Understanding Three Attention Mechanisms in Transformer
Application of Attention Mechanism in “Attention is All You Need” 3.2.3
3.2.3 Application of Attention Mechanism in Our Model
The Transformer uses three different ways of multi-head attention mechanism as follows:
  • In the “encoder-decoder attention” layer, queries come from the previous layer of the decoder, while memory keys and values come from the output of the encoder. This allows each position in the decoder to attend to all positions in the input sequence. This mimics the typical encoder-decoder attention mechanism in sequence-to-sequence models.

  • The encoder contains a self-attention layer. In the self-attention layer, all keys, values, and queries come from the same place, i.e., the output of the previous layer of the encoder. Each position in the encoder can attend to all positions in the previous layer of the encoder.

  • Similarly, the self-attention layer in the decoder allows each position in the decoder to attend to all positions in the decoder, including that position itself. We need to prevent information from flowing leftward in the decoder to maintain the autoregressive property. We achieve this by masking all values corresponding to illegal connections in the softmax input (setting them to -∞).

I believe everyone, like me, was puzzled when first reading this part; every word is recognizable, but together it feels difficult to understand, even a bit “impressive but unclear”.
Today, let’s speak plainly, take notes, and highlight key points. I hope to help everyone truly understand the three attention mechanisms in Transformer through a series of Q&A.

This article will cover Self Attention、Cross Attention、Causal Attention three aspects, helping you understand the three attention mechanisms in Transformer at a glance. (Every article’s standard opening must not be less; no matter how hard or tiring life is, the sense of ritual cannot be lacking.)

Understanding Three Attention Mechanisms in Transformer

Three Attention Mechanisms in Transformer

1. Self Attention

Question 1: The encoder clearly states Multi-Head Attention in the diagram, so why is it called Self Attention?
Understanding Three Attention Mechanisms in Transformer
Self Attention of the Encoder
First, understand three concepts: Scaled Dot-Product Attention, Self AttentionMulti-Head Attention
Understanding Three Attention Mechanisms in Transformer

Scaled Dot-Product Attention and Multi-Head Attention

Scaled Dot-Product Attention(Scaled Dot-Product Attention)::The input includes queries (queries) and keys (keys) with dimension dk, and values (values) with dimension dv.

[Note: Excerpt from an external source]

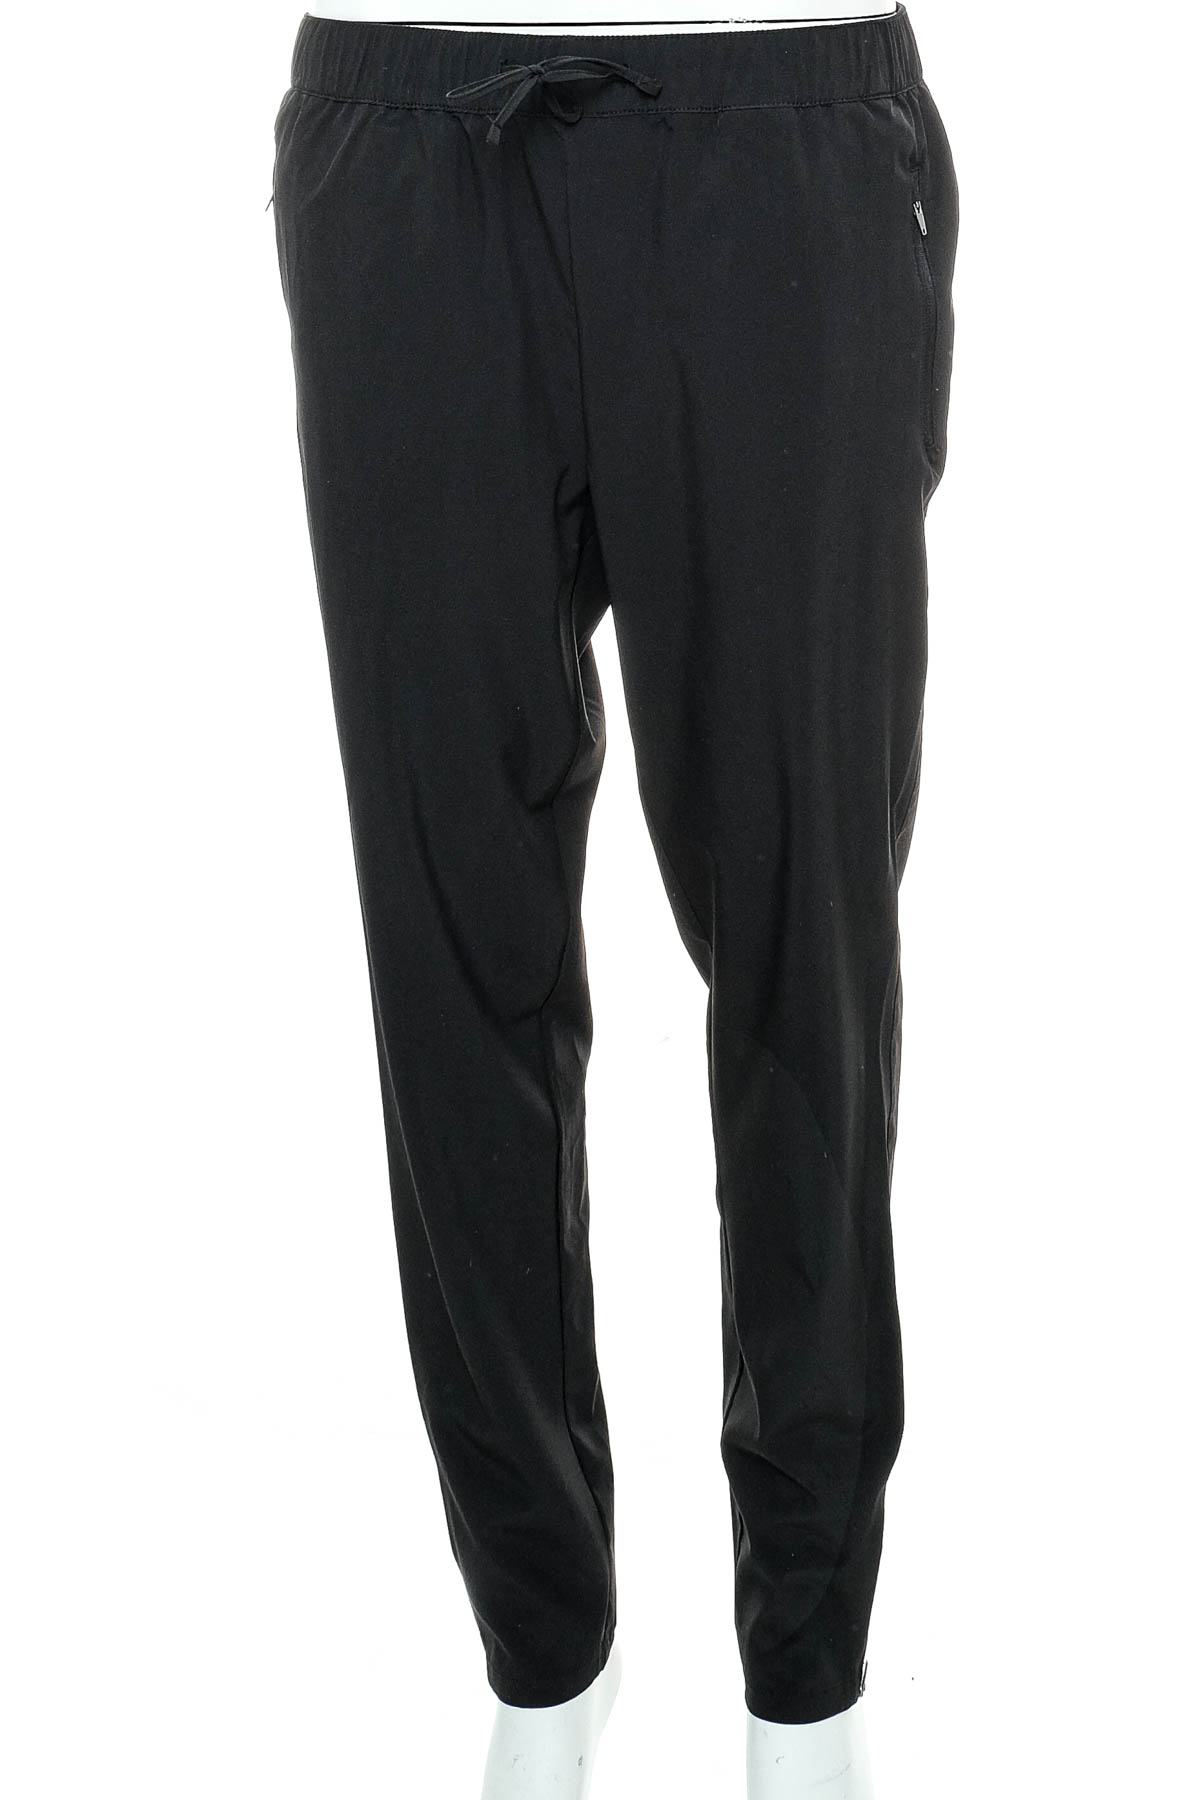 Women's trousers - Active Touch - 0

We calculate the dot product of the query with all keys, each dot product result is divided by √dk, and then the softmax function is applied to obtain the attention scores.
It reflects how to calculate attention scores, focusing on the formulas for Q, K, and V.
Understanding Three Attention Mechanisms in Transformer
Scaled Dot-Product Attention (Scaled Dot-Product Attention)

Self Attention:For the same sequence, the attention scores are calculated using scaled dot-product attention, and the value vectors are weighted and summed to obtain the weighted representation of each position in the input sequence.

It expresses an attention mechanism, how to use scaled dot-product attention to calculate the attention scores for the same sequence, thus obtaining the attention weights for each position in the same sequence.

Understanding Three Attention Mechanisms in Transformer

Self Attention

Multi-Head Attention: Multiple attention heads run in parallel, each head independently calculates attention weights and outputs, and then concatenates the outputs of all heads to obtain the final output.

It emphasizes a practical method; in practice, we do not use a single dimension to execute a single attention function, but instead calculate with h=8 heads separately and then take a weighted average to avoid errors from individual calculations.

Understanding Three Attention Mechanisms in Transformer

Multi-Head Attention (Multi-Head Attention)

Question Answer:Scaled Dot-Product Attention, Self Attention, and Multi-Head Attention actually refer to the same thing, explaining from different dimensions how to obtain the attention weights for each position in the same sequence. The diagram labeled Multi-Head Attention emphasizes the need for multiple heads to calculate attention weights.

The first attention in Transformer (Self Attention) A more rigorous description should be: the input sequence of the encoder calculates attention weights through Multi-Head Self Attention.

2. Cross Attention

Question 2: The encoder clearly states Multi-Head Attention in the diagram, so why is it called Cross Attention?

Understanding Three Attention Mechanisms in Transformer

Cross Attention of Encoder-Decoder

First, understand a concept: Cross Attention
Cross Attention:: The input comes from two different sequences, one sequence serves as the query (Q), while the other sequence provides keys (K) and values (V), enabling cross-sequence interaction.
Understanding Three Attention Mechanisms in Transformer

Cross Attention (Cross Attention)

The difference between Cross Attention and Self Attention:
  • Input Source:

  • Cross Attention: Comes from two different sequences, one from the encoder and one from the decoder

  • Self Attention: Comes from the same sequence of the encoder

  • Implementation Goal:
  • Cross Attention: The decoder sequence serves as the query (Q), while the encoder sequence provides keys (K) and values (V), used for attention transfer between the two different sequences of encoder-decoder.
  • Self Attention: Queries (Q), keys (K), and values (V) all come from the same sequence of the encoder, achieving attention calculation within the encoder sequence.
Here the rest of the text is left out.